Впрочем, богатством выбора холодильник не радовал. Банка испанских оливок, бутылка кетчупа, два яблока, морковка, упаковка какого-то лекарства со строгой надписью "ТОЛЬКО ПО РЕЦЕПТУ!", баночка черничного джема, банка тунца и наконец на третьей полке, неподалеку от молока, "Континентальный набор".

Главным событием с внешней стороны холодильника был исторический футбольный матч — поэтому, прежде чем полить Хватуна, я освободил из ледяного заточения коробку конфет и уселся с ней перед телевизором. Я вовсе не думал, что окажусь таким прожорливым; собственно, мне вполне хватило бы одной или двух штук, если бы только игра не приняла столь трагический оборот, а я не повел себя, как последний идиот. Когда я выключил телевизор (моя любимая команда постыдно проиграла), количество конфет уменьшилось на двенадцать. Я торопливо скатал кусочки фольги в шарики, бросил их на дно мусорного ведра и разложил уцелевшие конфеты так, чтобы замаскировать масштабы катастрофы. Мысль о Хватуне, который сиротливо стоял в углу, взывая о стакане воды, даже не пришла мне в голову, уважаемые присяжные заседатели, и я покинул квартиру, поглощенный исключительно неудачей английского вратаря, не сумевшего отстоять честь нации.

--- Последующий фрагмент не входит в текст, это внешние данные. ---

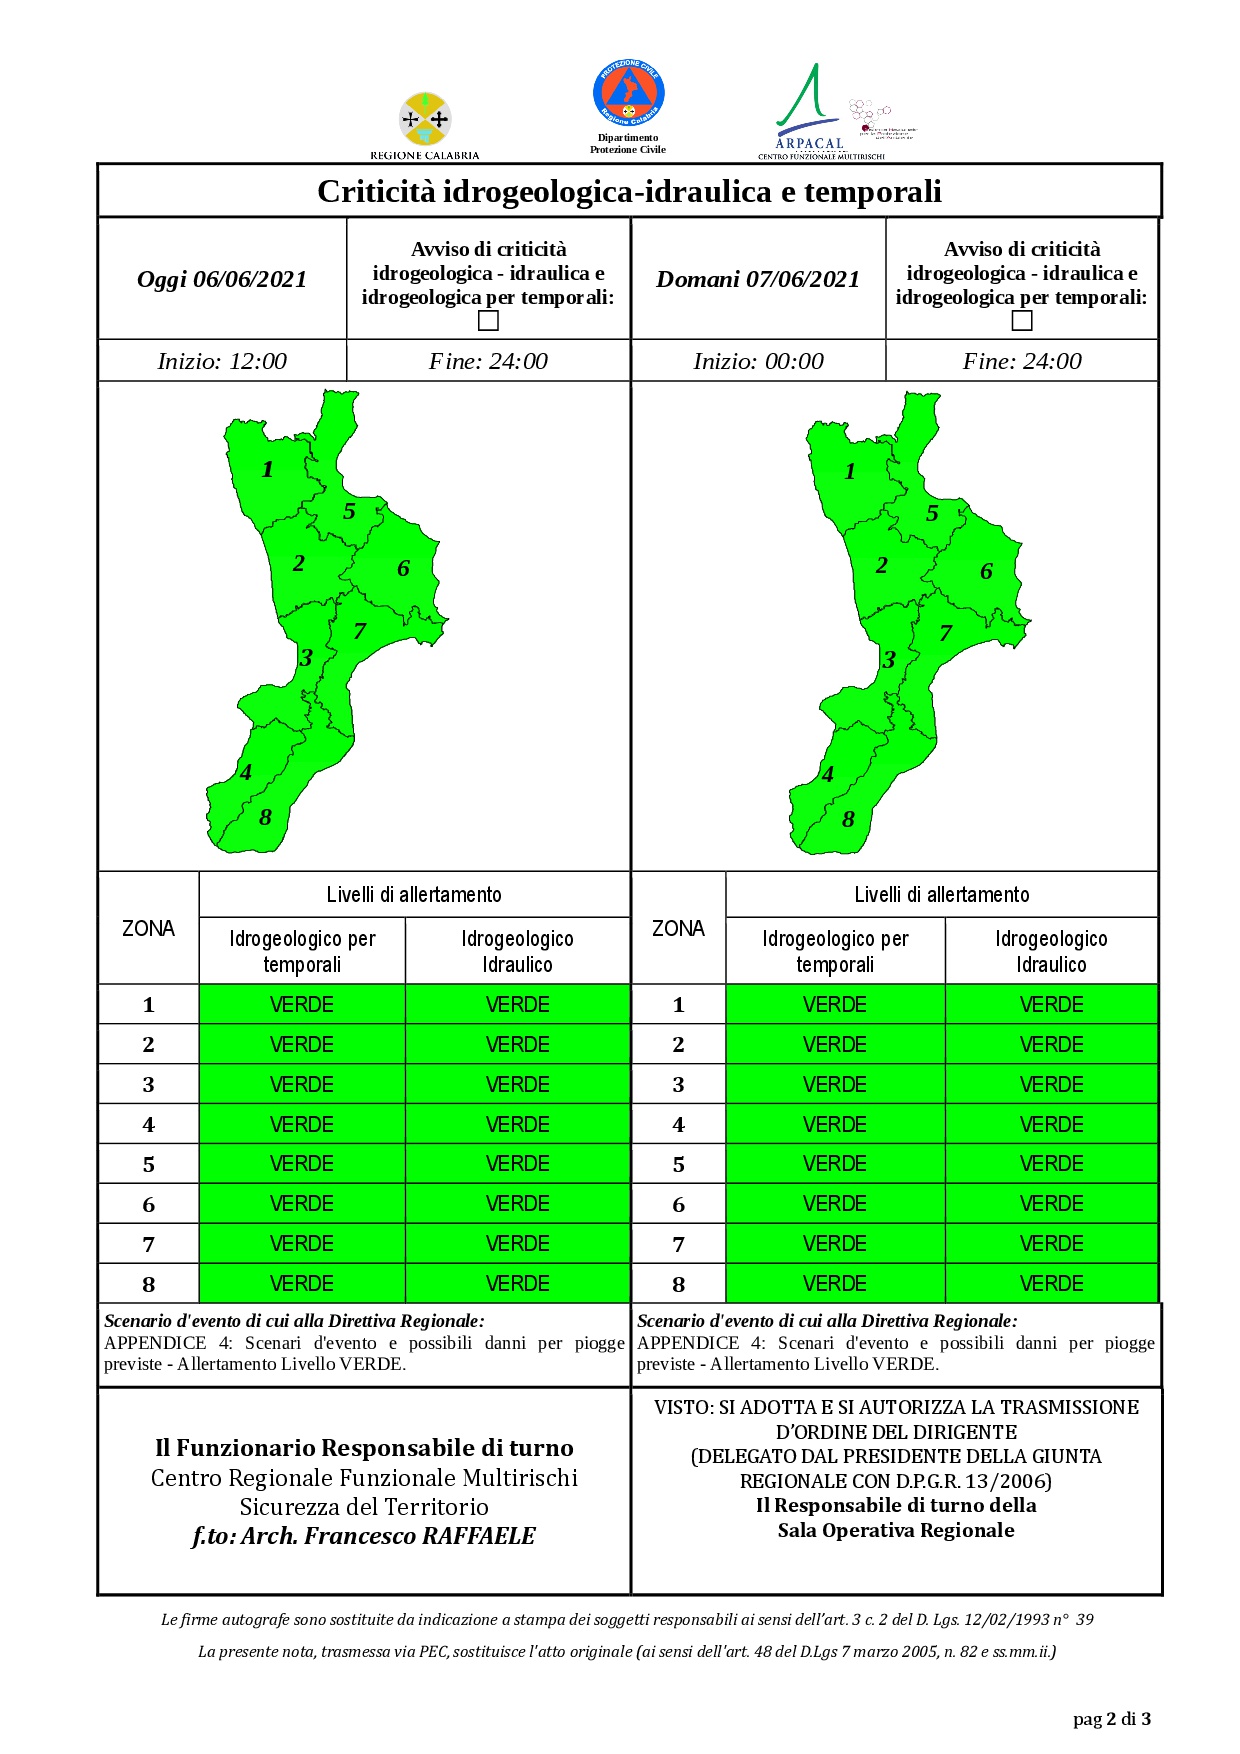 Criticità idrogeologica-idraulica e temporali in Calabria 06-06-2021

— Он мертв! — вскричала Изабель, вернувшись домой; казалось, что даже телефонный провод содрогается от ее горя.

— Кто? — спросил я, пытаясь вспомнить, какой из ее родственников мог стать жертвой инфаркта.

— Хватун! Он умер от жажды!

— Прими мои соболезнования, — ответил я машинально, и только тут осознал, что я натворил.

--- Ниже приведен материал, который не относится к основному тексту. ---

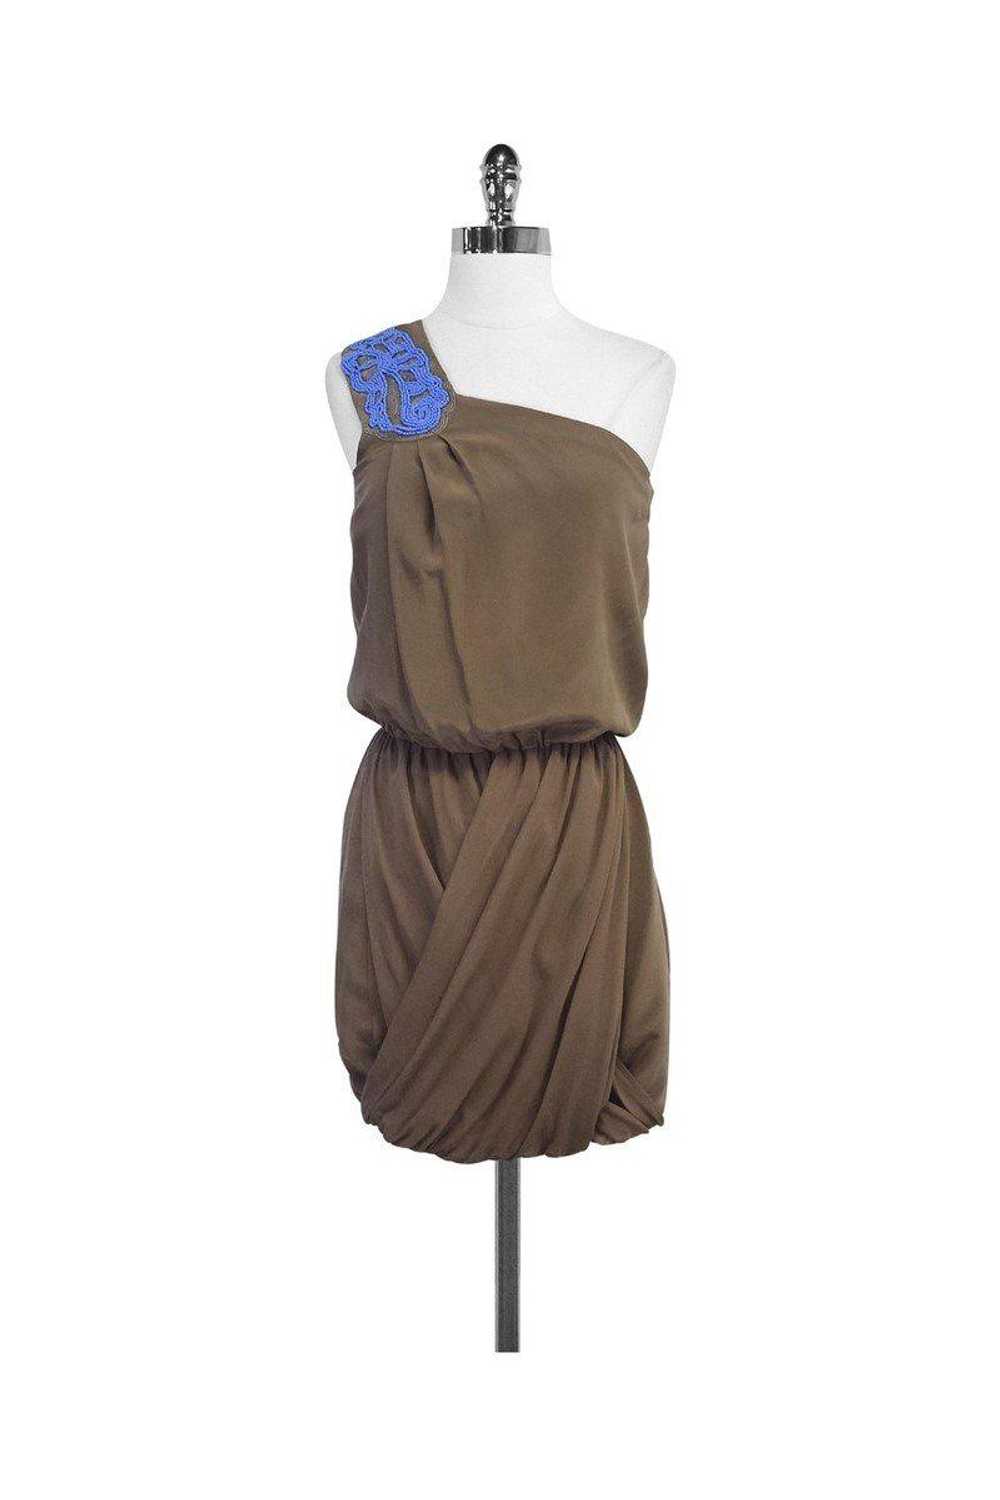 Tibi - Taupe Silk Beaded One Shoulder Dress Sz S - image 1

— Ты его не поливал, правда?

— Поливал, — сказал я (так убийца, пойманный с поличным, упорно отрицает свою вину). — Да, поливал. Но стояла жара, страшная жара. Господи, как же здесь было жарко, невероятно жарко. Я спал с открытыми окнами…

— Ты лжешь. Ты его не поливал, земля совершенно сухая. Лучше бы ты сказал правду, я бы тебя простила, но вот ложь я ненавижу. Более того, ты не выключил свет и съел все мои шоколадные конфеты.

— Неправда.

— Нет, съел.

— Всего несколько штук.

— Ты уничтожил все, что стоило есть. За кого ты меня принимаешь? Думаешь, я собираюсь толстеть на этом чертовом лимонном parfait?[36]

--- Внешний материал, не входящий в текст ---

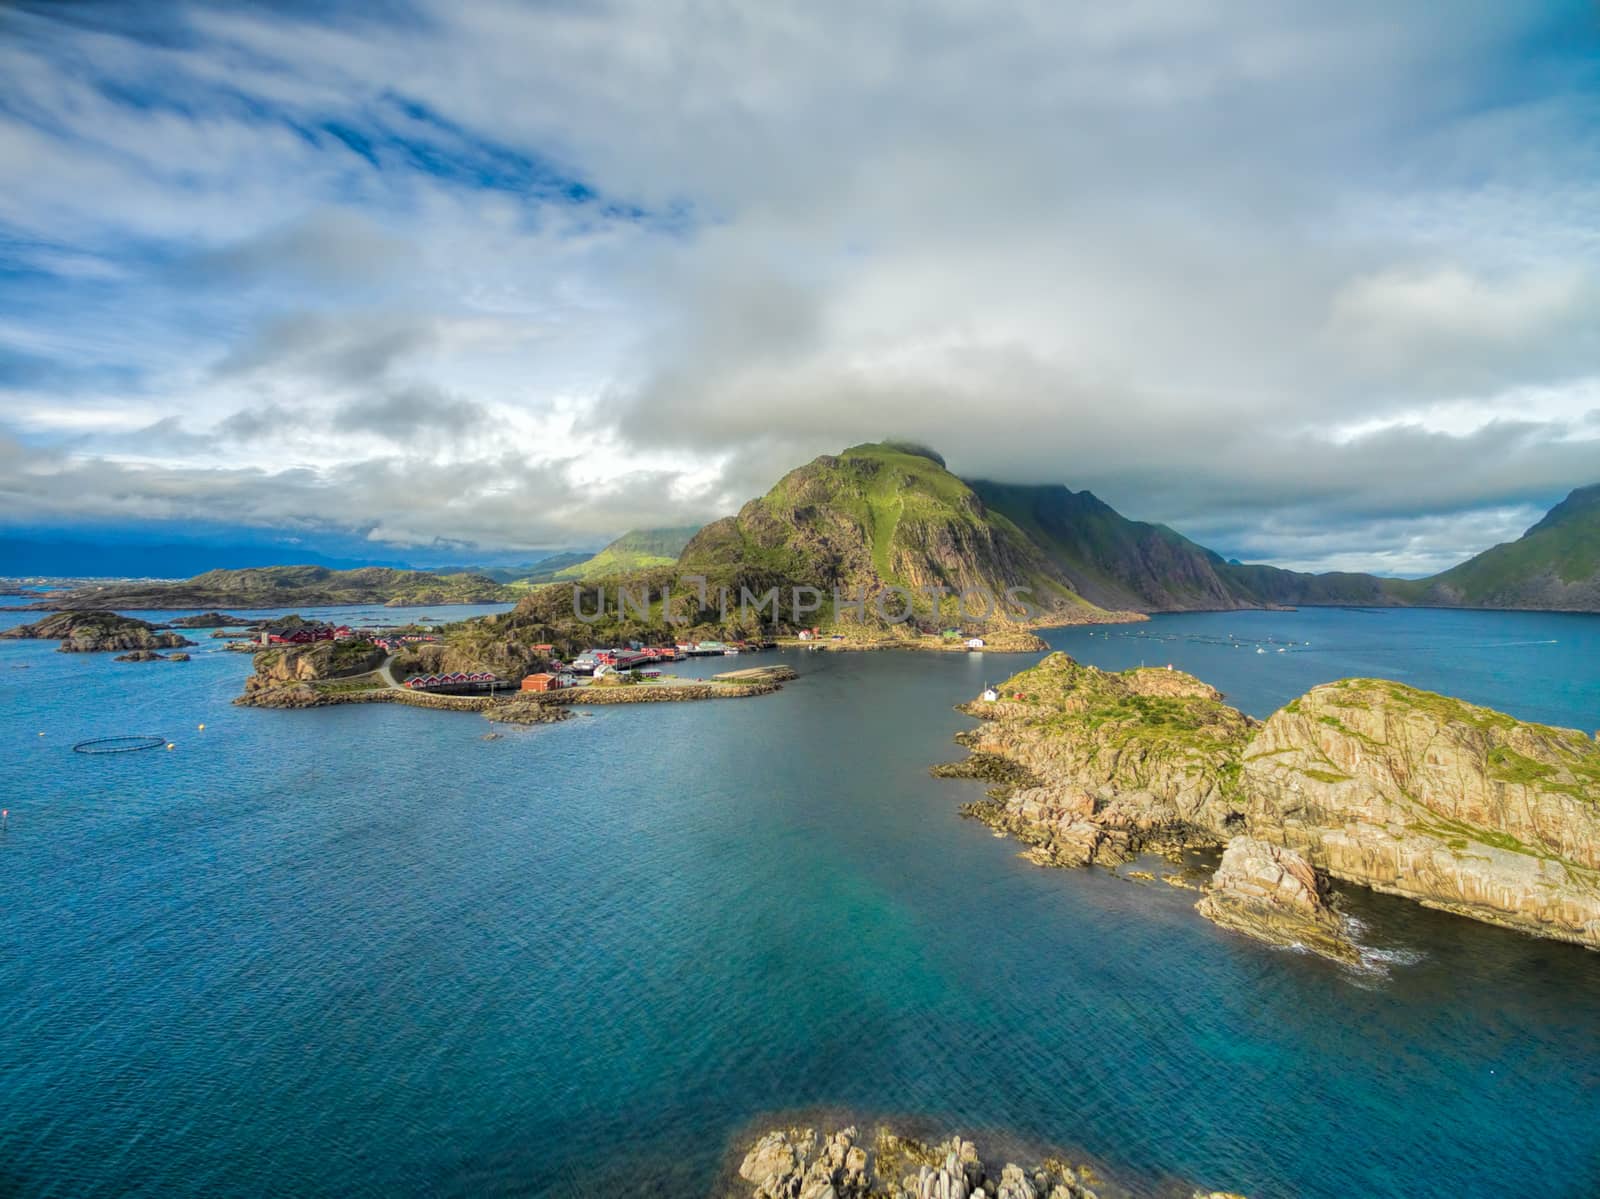 Norway coast by Harvepino

Я должен был искупить свою вину, так что после работы заехал в кондитерский магазин, где продавались убийственно дорогие конфеты, произведенные в двух самых угрюмых странах европейского континента. Однако, глядя на бельгийские и швейцарские кондитерские изделия, я понял, что не могу ответить ни на один из вопросов, поставленных передо мной Изабель.

Что такого невероятного было в предположении, что Изабель может есть "чертово лимонное parfait"? Что ужасного в лимонном мороженом? И что, собственно, представляют из себя конфеты, которым она отдает предпочтение? Трюфель из белого или коричневого шоколада, наполненный ликером или помадкой? И за кого, в таком случае, я принимал ее?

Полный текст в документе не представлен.